Climate change is among the defining challenges of the twenty-first century, with far-reaching environmental, social, and economic consequences [1,2,3]. Meeting this challenge requires not only technological innovation and robust policy frameworks but also the active engagement of public officials, who translate statutory visions into administrative practice [4,5]. International initiatives such as the European Green Deal (EGD) demonstrate how comprehensive governance frameworks can accelerate renewable energy adoption, mainstream circular economy policies, and enhance regional leadership [6,7]. These experiences highlight administrative capacity as central to achieving carbon neutrality. In Taiwan, the Climate Change Response Act similarly emphasizes the need for institutional readiness and governance capacity to realize long-term climate objectives [8,9].

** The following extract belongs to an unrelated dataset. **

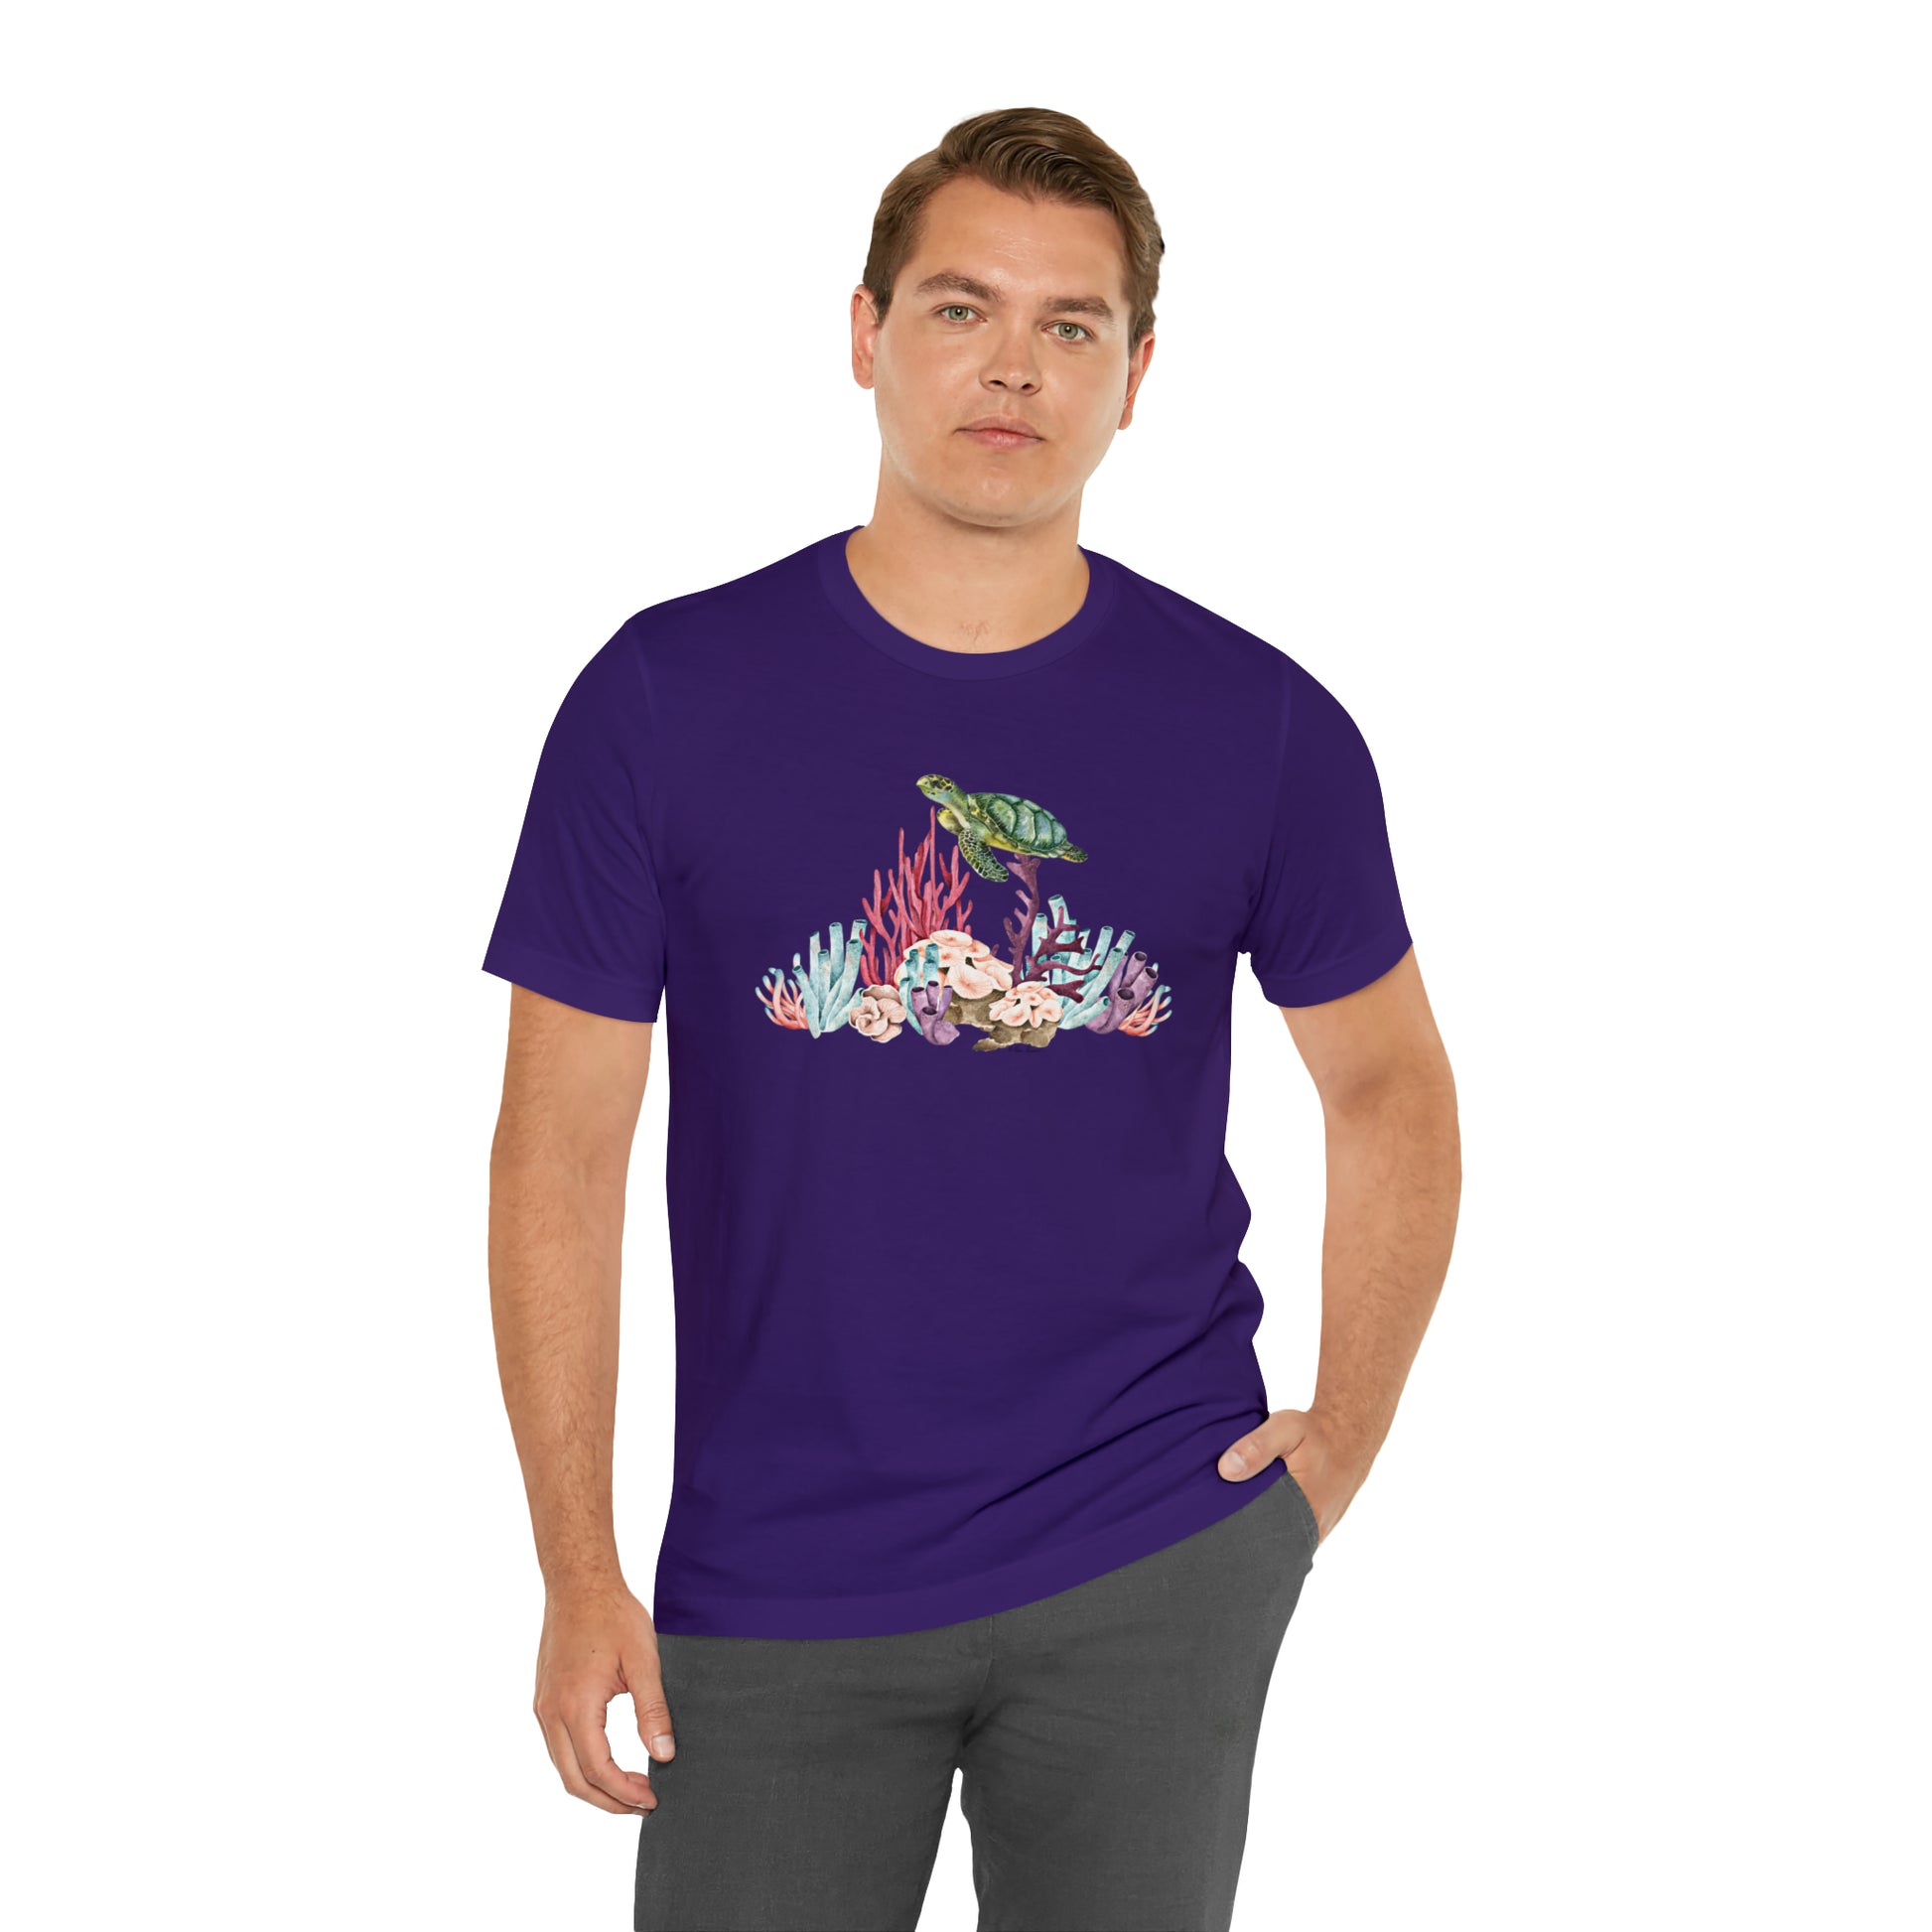 Mock up of a man wearing the purple shirt

1.1. Climate Change Literacy and the Knowledge-Behavior Gap

Individual responses to climate change shape both mitigation and adaptation efforts, with broader implications for sustainable development and human well-being [10,11]. Research shows these responses are influenced by socioeconomic conditions, psychological dispositions, cultural orientations, and institutional contexts [12,13,14,15,16,17,18]. Among these factors, climate change literacy (CCL) is widely recognized as a multidimensional construct that offers both the conceptual foundation and practical tools for understanding climate change, enabling informed decision-making and pro-environmental behavior [19,20]. Higher climate literacy has been linked to greater risk perception, more substantial concern, and higher policy support [21,22,23]. Yet, findings are inconsistent: knowledge alone often proves insufficient—and at times counterproductive—for motivating behavior, as information can reinforce existing beliefs rather than prompt action. This “knowledge-action gap” has been documented globally across diverse populations and contexts [24,25], revealing a fundamental paradox: even individuals with strong climate science understanding frequently fail to translate this knowledge into consistent pro-environmental behavior. This suggests that literacy operates indirectly through affective factors such as concern and self-efficacy, or with institutional supports [24]. In Taiwan, while citizens and students report high awareness and concern, their actual participation in climate action remains limited, revealing a persistent “knowledge–behavior gap” [25,26,27]. This underscores the need to investigate how institutional and organizational conditions facilitate or constrain the translation of literacy into action.
Assessing climate change literacy has demonstrated robust generalizability across diverse populations, geographical contexts, and cultural settings. Bibliometric analysis of climate change literacy research between 2001 and 2021 reveals that the knowledge-affection-behavior framework—or variations emphasizing knowledge, attitudes/affect, and behavior—has become the dominant theoretical approach in climate literacy assessment globally [20]. This widespread adoption across continents, from African contexts to international comparative studies spanning 119 countries [19,22], demonstrates the framework’s cross-cultural validity and applicability.
The framework’s generalizability stems from its grounding in established psychological theories that explain human environmental behavior universally. A comprehensive review of empirical and experimental studies on climate policy support identifies knowledge, risk perception (affective component), and personal efficacy as consistent predictors of climate-supportive attitudes and behaviors across diverse national contexts [21]. Similarly, research demonstrates that while cultural worldviews moderate the relationship, the fundamental structure linking climate knowledge, risk perception, and behavioral intentions remains stable across different cultural contexts [23].
Climate literacy in Africa was assessed using similar foundational knowledge questions covering climate science basics, causes, and projected impacts [19]. The measurement approach typically employs multiple-choice questions or Likert-scale agreement items about scientific consensus, greenhouse gas effects, and climate change causes. In the affective domain, risk perception and climate concern are universally measured components. Assessed perceived risks from climate change and personal concern levels [22]. Measured affective responses, including worry, concern, and perceived threat, demonstrating that these emotional and evaluative responses to climate change are cross-culturally relevant despite cultural variation in intensity [23]. Personal efficacy—belief in one’s ability to contribute to climate solutions—emerges as another standard affective measure [21]; The behavioral domain is where the most significant variation occurs, as behaviors must be contextualized to population characteristics.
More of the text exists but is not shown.